A Cleveland-area company hopes corporate and charitable sponsors will want to share a piece of the circular economy.

Canvus is counting on a sponsorship model to grow the market for the benches, picnic tables, and other outdoor furniture it makes from recycled wind turbine blades. The company started shipping its products in August and has installed more than 200 pieces so far in one of the latest attempts to recycle a growing wind industry waste stream.

Cumulative U.S. wind turbine blade waste is projected to exceed 2 million tons by mid-century — a relatively small amount compared to what’s churned out by fossil fuel industries. Still, several companies are working to reduce how much winds up in landfills.

An awning that looks like the hull of a boat sits over a bench made of wind turbine blades.
A Canvus Willow bench sits near the new playground at Cleveland Metroparks’ Huntington Beach park. Credit: Kathiann Kowalski / Energy News Network

Due to the size, weight and product cost, Canvus’s designs are best suited for places like parks, schools or other outdoor venues, said Brian Donahue, the company’s vice president for corporate affairs. But many cities, towns and schools are strapped for cash. So, Canvus’s business model emphasizes donors to help put its products in public spaces. Corporate sponsorships, nonprofit organizations or memorials pay for a majority of the products, which go to spots chosen by local communities.

Mark Wahlberg Chevrolet of Avon, Ohio, is among the early sponsors of a Canvus bench. 

“Our community supports us and our business. So it’s our way of putting back into our neighborhood and supporting the people around us,” said general manager Rick Limbers. Plus, “it’s a unique way of using the turbines.”

Plaques on each product identify the donor and provide a QR code. Each code links to a website that can be updated with whatever information the donor wants to feature. So a business might send viewers to its website, product specials or career information. A community group might list upcoming events or information about people being honored.
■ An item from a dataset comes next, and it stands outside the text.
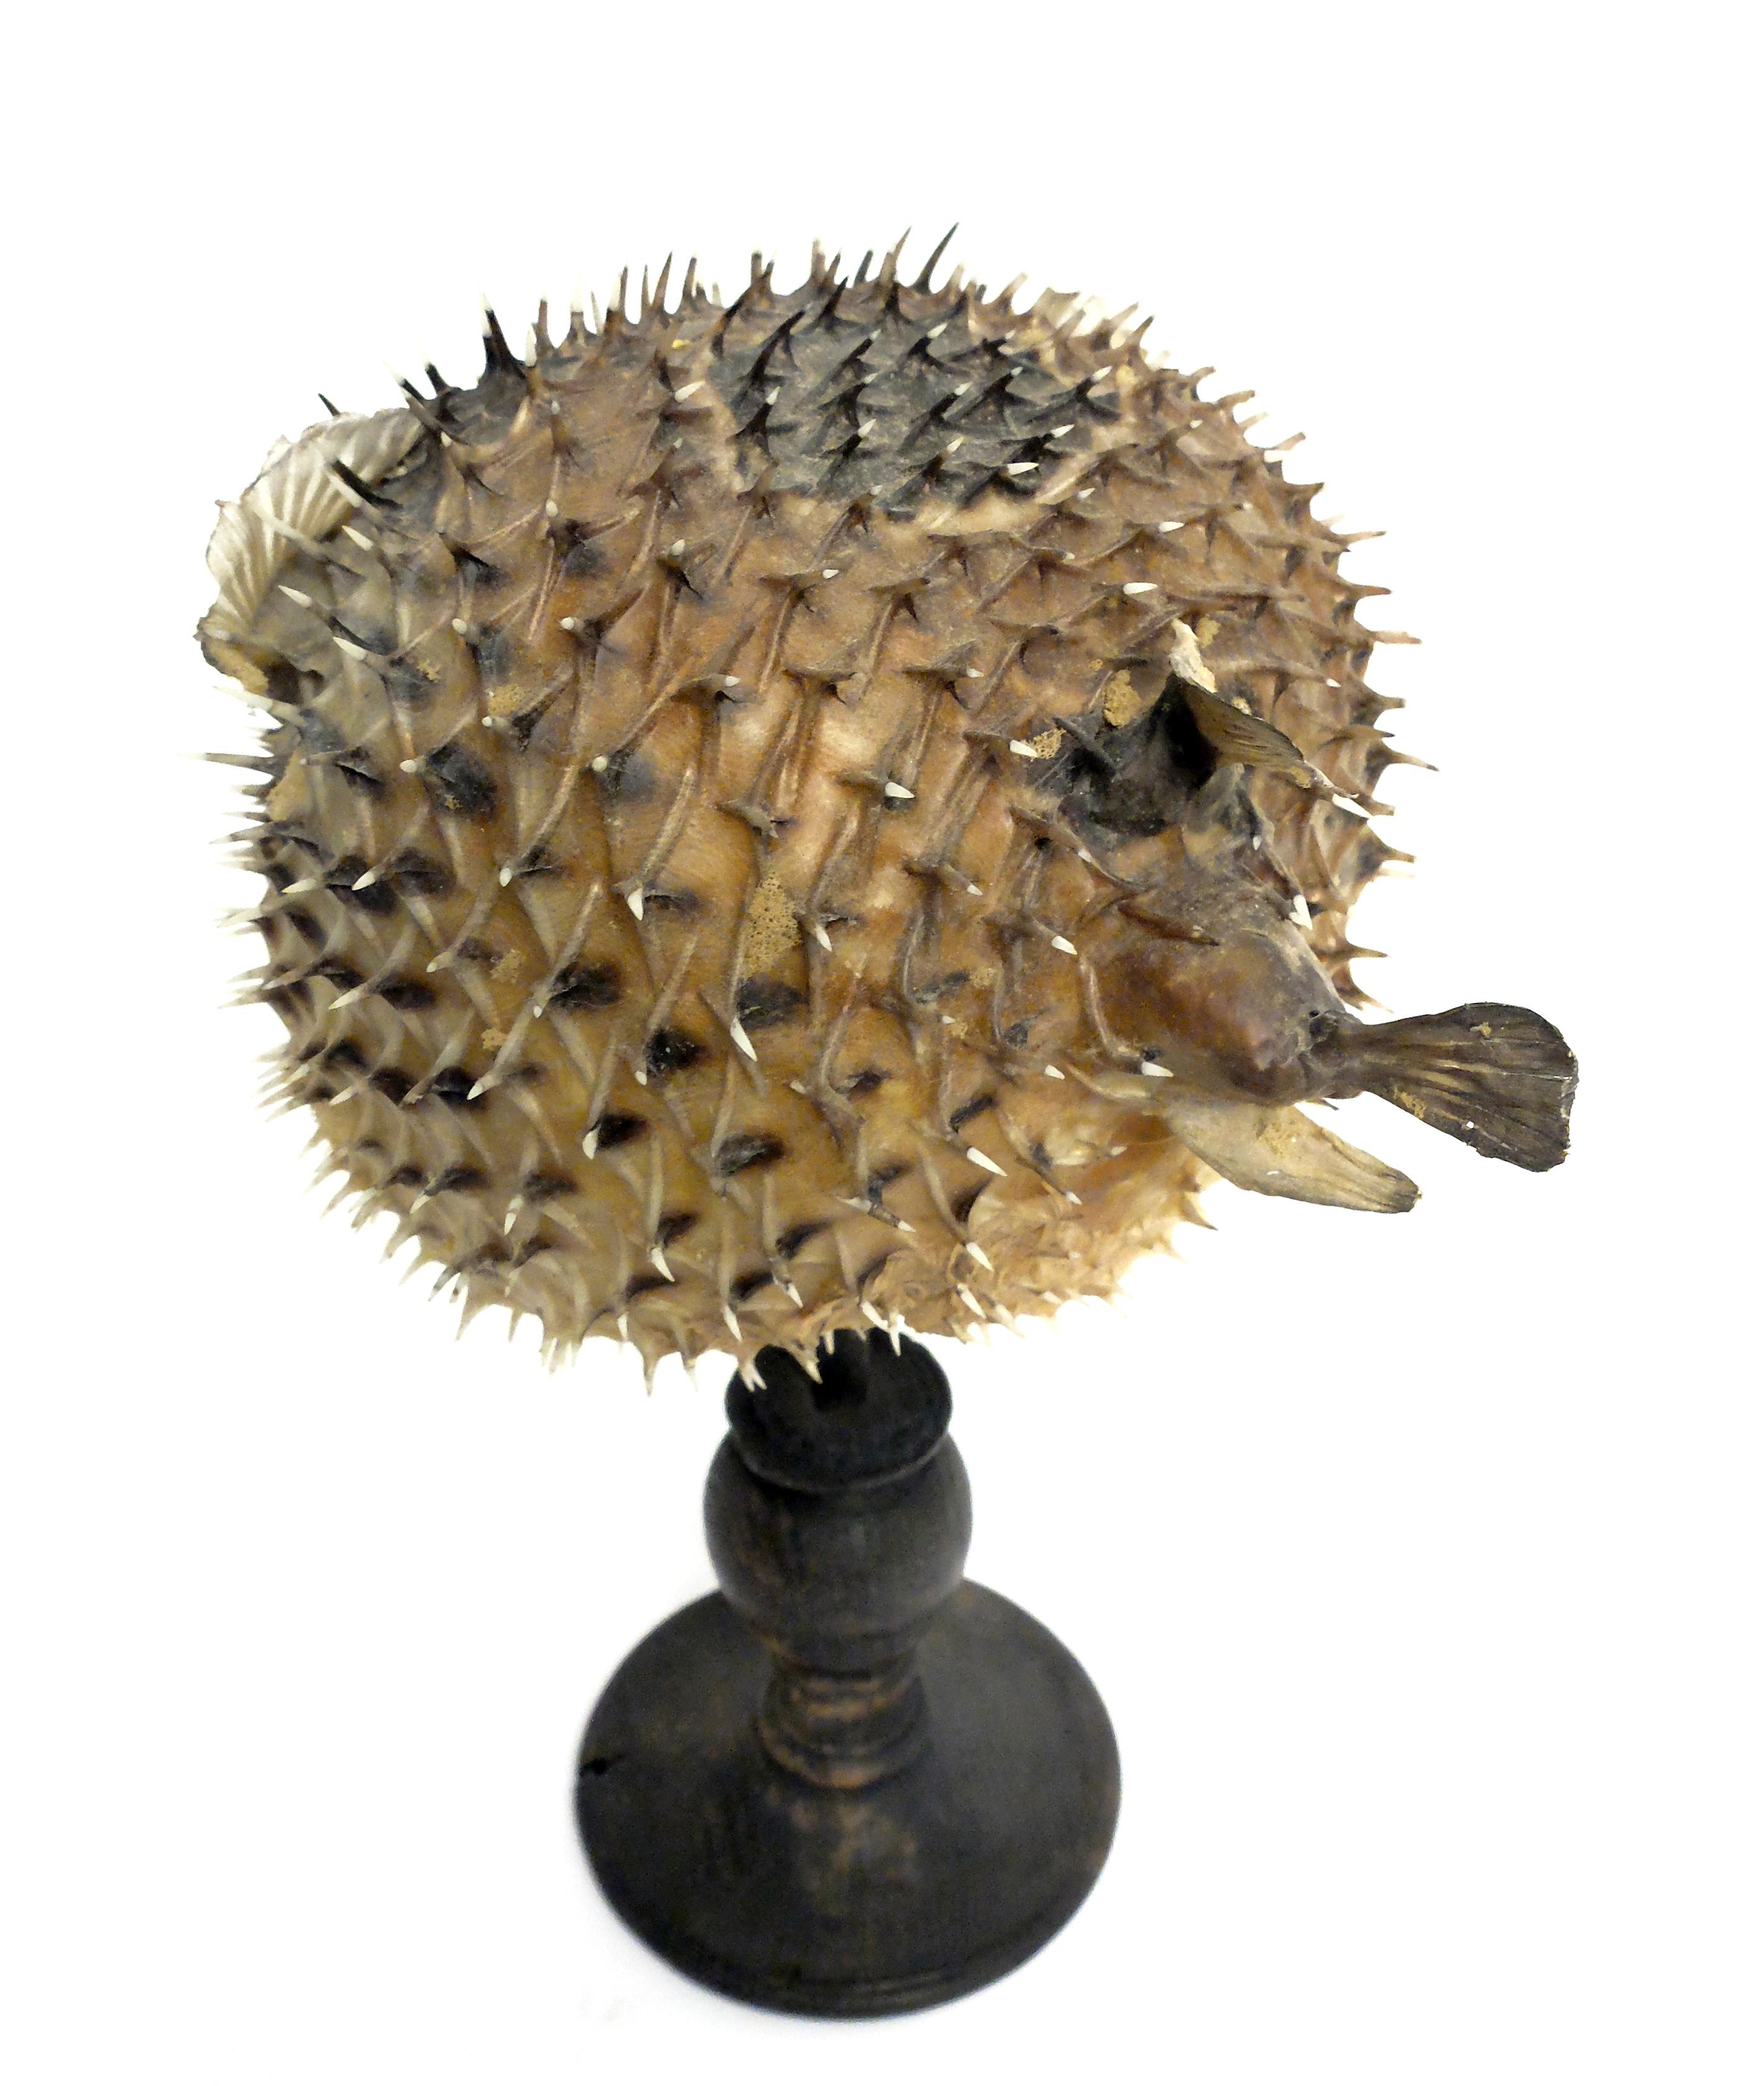 19th Century Wunderkammer Marine Natural Taxodermie Specimen of a Porcupine Fish 2

Families can include slideshows and other tributes to loved ones. 

“Creating opportunities for individuals and businesses to give back to their communities is what drives us,” said Mike Crissman, Canvus’s brand communications manager. If the company has calculated right, those opportunities may also provide it with a sustainable business in a circular economy.

There are certainly lots of political subdivisions with public spaces — about 20,000 cities, villages, townships and counties within the United States, by Donahue’s reckoning, plus roughly 7,000 state and national parks. “And then, of course, 141,000 schools with spaces,” from kindergarten through trade schools and universities, he adds.

Canvus made a strategic decision to offer only 11 products, with limited style variations, allowing the company to annually make tens of thousands, depending on the blade supply, Donahue said. Each product comes in one of three colors that can blend in with a natural background, or else the furniture is primed and ready to paint by artists.

“In any given year, there’s like 5,000 to 8,000 [blades] that come down. So we had to go for scale,” he said. “And in order to do that, you can’t make super unique products that take forever to make.”

Scaled up, the Avon plant could process about 1,500 blades per year, Donahue said. Additional machinery could also be installed to process blades for other possible uses.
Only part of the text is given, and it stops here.